This post is over 5 years old, it may be out of date.
Blocking and filtering spam in electronic mail
Blocking on account of the address of the computer delivering mail
The blocklevel can be adjusted by every user via the Do It Yourself website. When an email arrives at the science mailserver the server instantly checks whether the mail address of the recipient exists and whether the recipient has a block level that includes the IP-number of the computer that tries to deliver the mail. Otherwise the mail is not accepted. If the mail would be blocked by a higher block level, the mail is accepted, but sent forward with a mail-header-line: “X-Would-Be-Blocked-By:”.
There are four block levels: ‘none’, ‘light’, ‘medium’ and ‘heavy’, where ‘medium’ is the standard and recommended value.
- none: no blocking takes place.
- light: blocking by using the following lists:
- whitelist.science.ru.nl: C&CZ’s own white list: machines that are or have been listed on blacklists, but a lot of our users like to receive mail from. The list contains at the moment (luckily) few entries: a list server of Surfnet and the spamprovider of the RadboudUMC.
- blacklist.science.ru..nl: C&CZ’s own black list: machines that are not (yet) a problem for others, but are for C&CZ. The list contains at the moment (luckily) few entries, mainly machines that have in the past bombarded C&CZ mailservers with spam and/or viruses.
- medium: bovenop de light-lijsten komen:
- bl.spamcop.net: A database with known and/or reported spammers per ’server IP-address.
- sbl.spamhaus.org: A database of verified spam sources, spam gangs and spam support services, controlled by the Spamhaus Project team.
When one has a lower blocklevel than the standard ‘medium’ (so one has ‘light’ or ‘none’), then mail that would be blocked by a ‘medium’ blocklevel is passed through with a warning sign “X-Would-Be-Blocked-By: Medium”.
- heavy: On top of the ‘medium’ lists the following is added:
- dnsbl.sorbs.net: SORBS A database of several sorts of spam sources.
- xbl.spamhaus.org: Spamhaus Exploits Block List: illegal exploits, incl. open proxies (HTTP, socks, AnalogX, wingate, etc), worms/viruses with built-in spam engines [en andere typen van trojan-horse misbruik]and other types of ‘trojan horse’ abuse.]
Mail that would be blocked by a ‘heavy’ blocklevel, is passed through if one has a ‘medium’ blocklevel, but with a warning sign: “X-Would-Be-Blocked-By: Heavy”.
New logins automatically get the ‘medium’ blocklevel. This has a small risk that wanted mail will be blocked, but it clearly blocks more spam for most users than the ‘light’ blocklevel. Mail that would be blocked by a heavier blocklevel, is let through, but with a warning sign (X-Would-Be-Blocked-By:). Users themselves can see from mail that arrives with these warning signs, how much wanted mail would be blocked by a heavier blocklevel (“false positives”). The warning sign can also be used to sort incoming mail into folders, e.g. with Sieve.
When one forwards mail from other addresses automatically to the science address, the blocking of spam-sending computers should be done by the mailserver that originally receives the spam. Our mailserver doesn’t see the spammer, it only has a connection with the forwarding mailserver.

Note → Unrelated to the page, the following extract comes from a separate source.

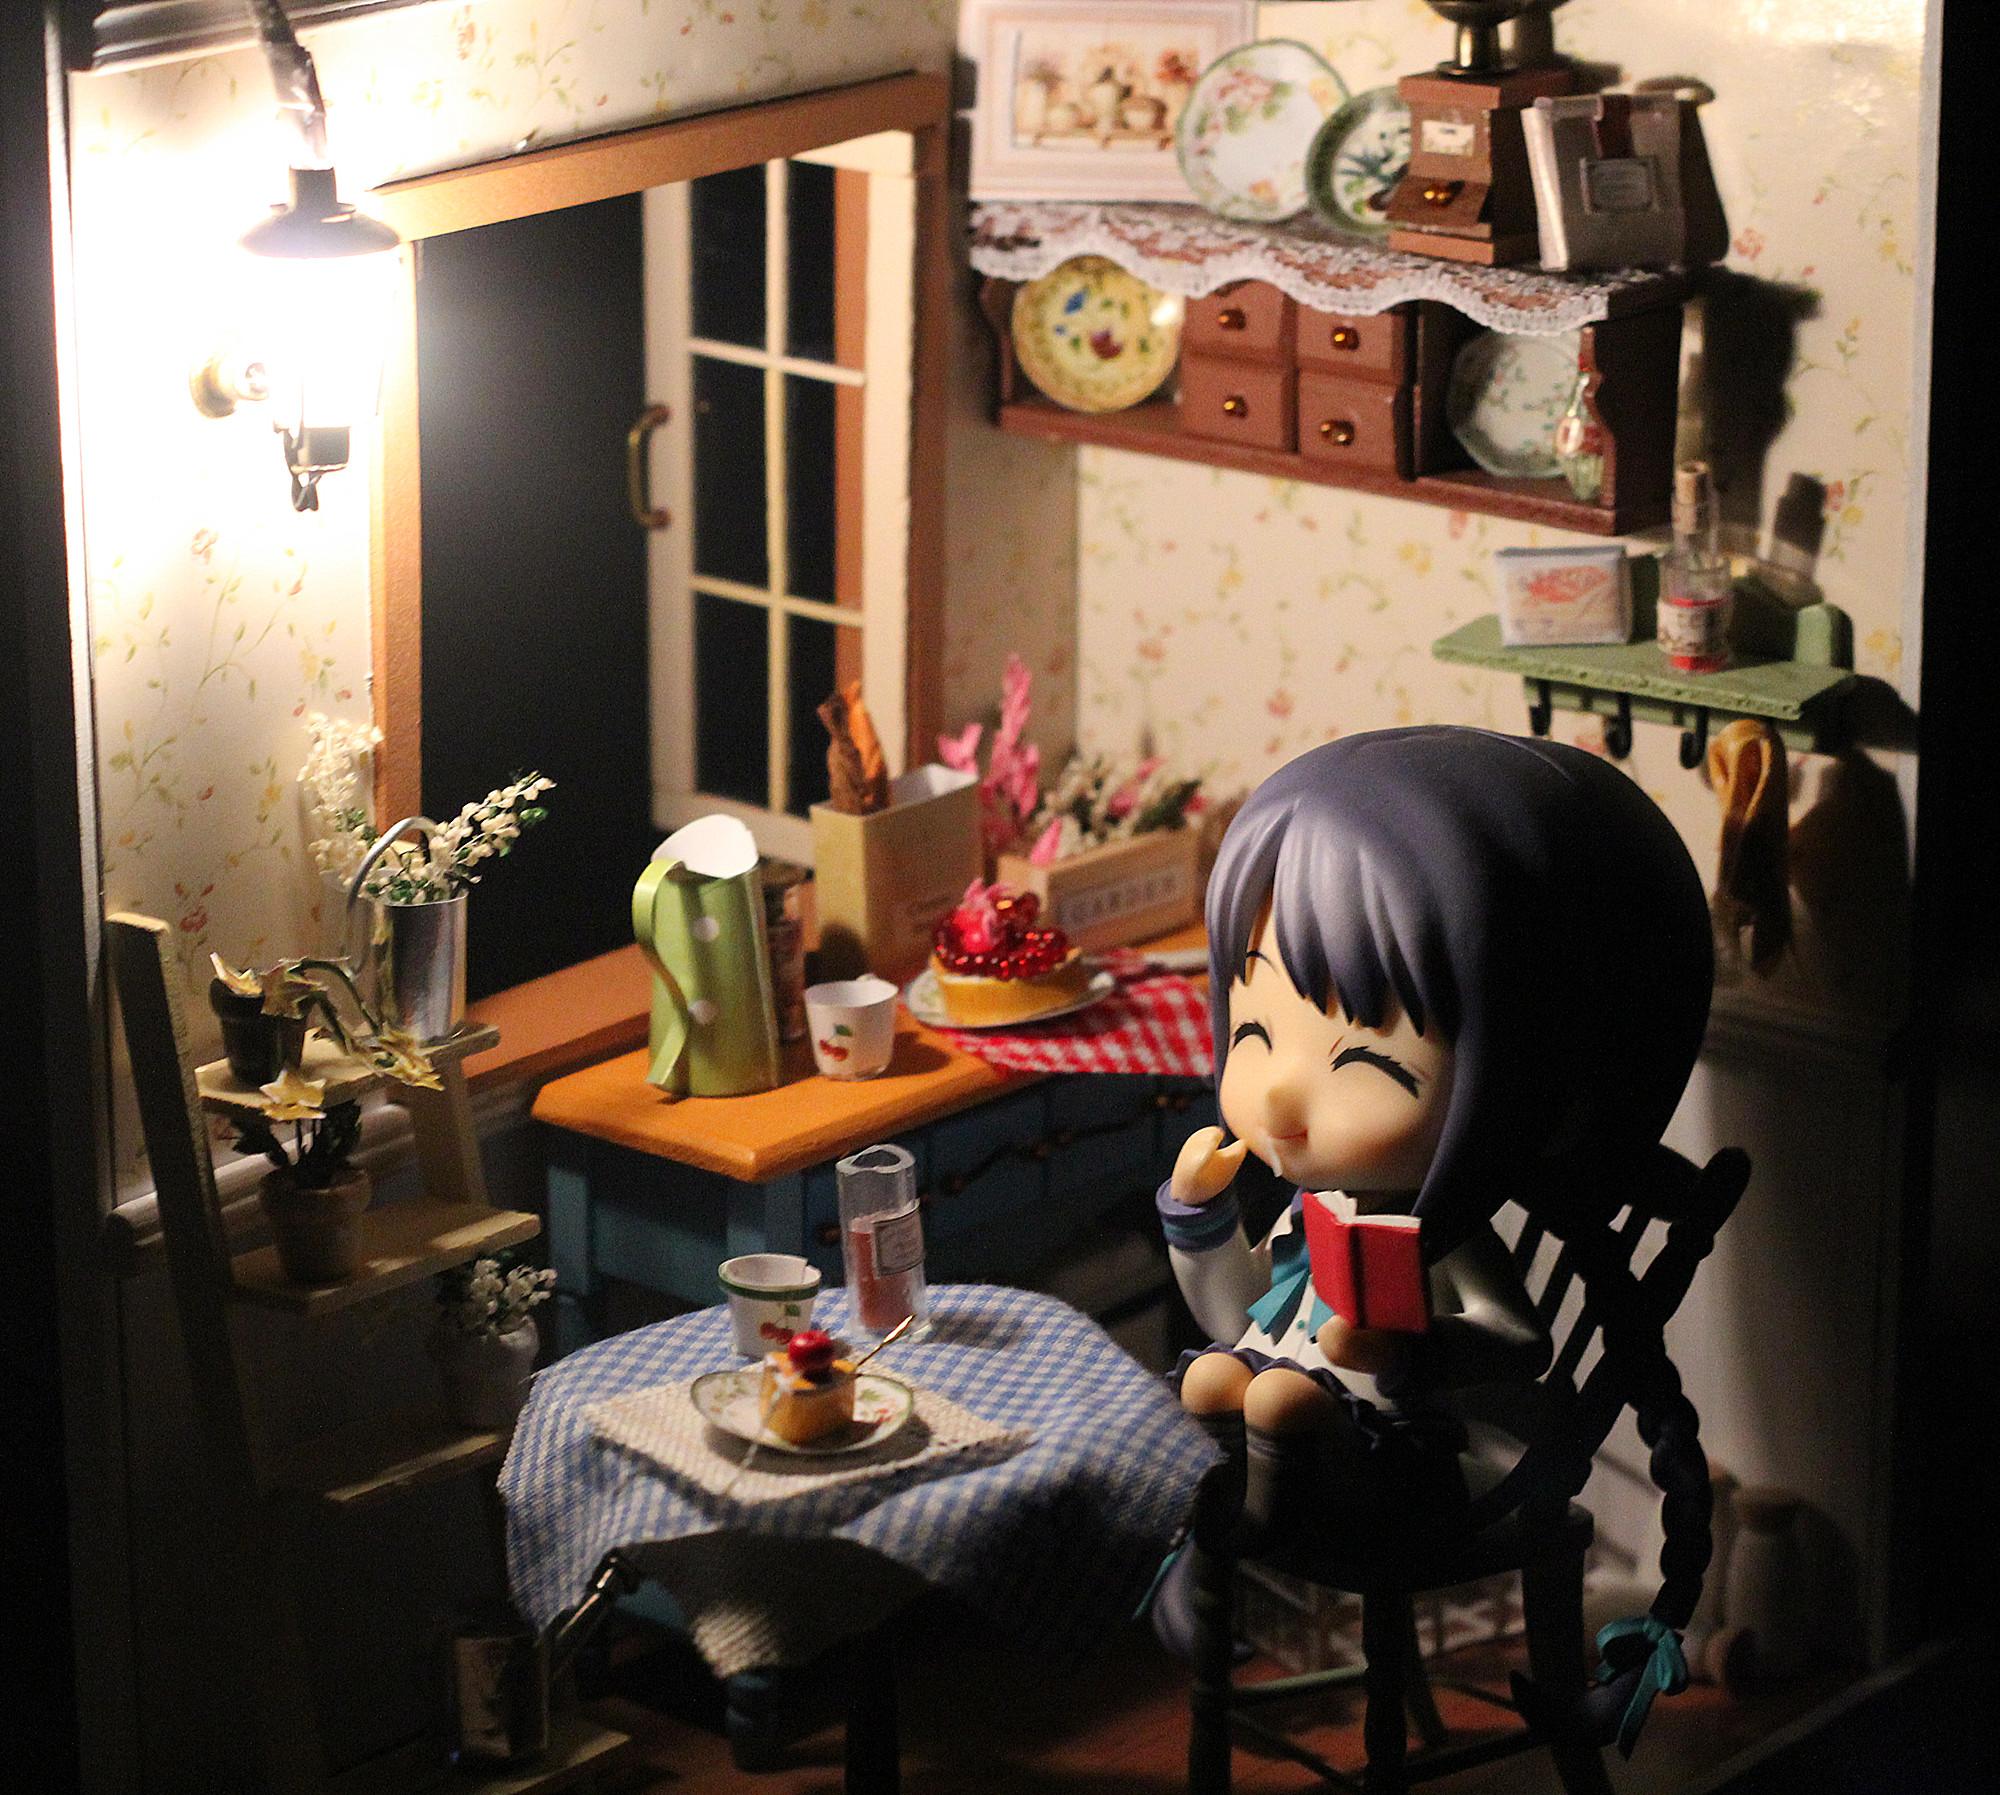 nendoroid good_smile_company amano_tooko bungaku_shoujo udono_kazuyoshi

Filtering based on the content of the mail
Despite the above way of blocking spam, one probably will still receive a lot of unwanted spam-mail. In that case one can only filter using the content of the mail. If one does that on the mailserver instead of on one’s own computer, it of course will use more capacity than the spam blocking described above.
All C&CZ mailservers in
MIMEDefang to filter the content of mail
for spam and viruses. Mimedefang in turn uses
SpamAssassin with central Bayes-filter.
If one has chosen to have mail that is recognized by SpamAssassin as
spam, to be delivered, then one can see in the final attachment a
summary of the reasons why this mail was recognised as spam. A lot of
different things count: words with a commercial or sexual meaning,
properties of addresses an d header-lines, formatting, use of capitals,
etc. Next to that, C&CZ maintains a statistic (Bayes) list of words that
appear in normal mail and in spam. Each of these things contribute to
the total ‘spamscore’ of the mail. If the score is more than 5.0, the
mail is normally considered to be spam. For users of the IMAP mailserver
post.science.ru.nl mail which is marked as spam is automatically moved
to the Spam folder on the mailserver. Mail older than 14 days is
automatically removed from this folder.
Using the Do It Yourself website it is possible to maintain a ‘whitelist’ of sender addresses and mail domains. Mail from these addresses and mail domains will never automatically be moved to the Spam folder, even if it is tagged by SpamAssassin as spam. With help of Sieve mail can be processed in other ways.
For complex filtering, such as redirecting or foldering mails depending on the sender/subject/contents of the mail or even the switching off of the spamfilter, see the Sieve page.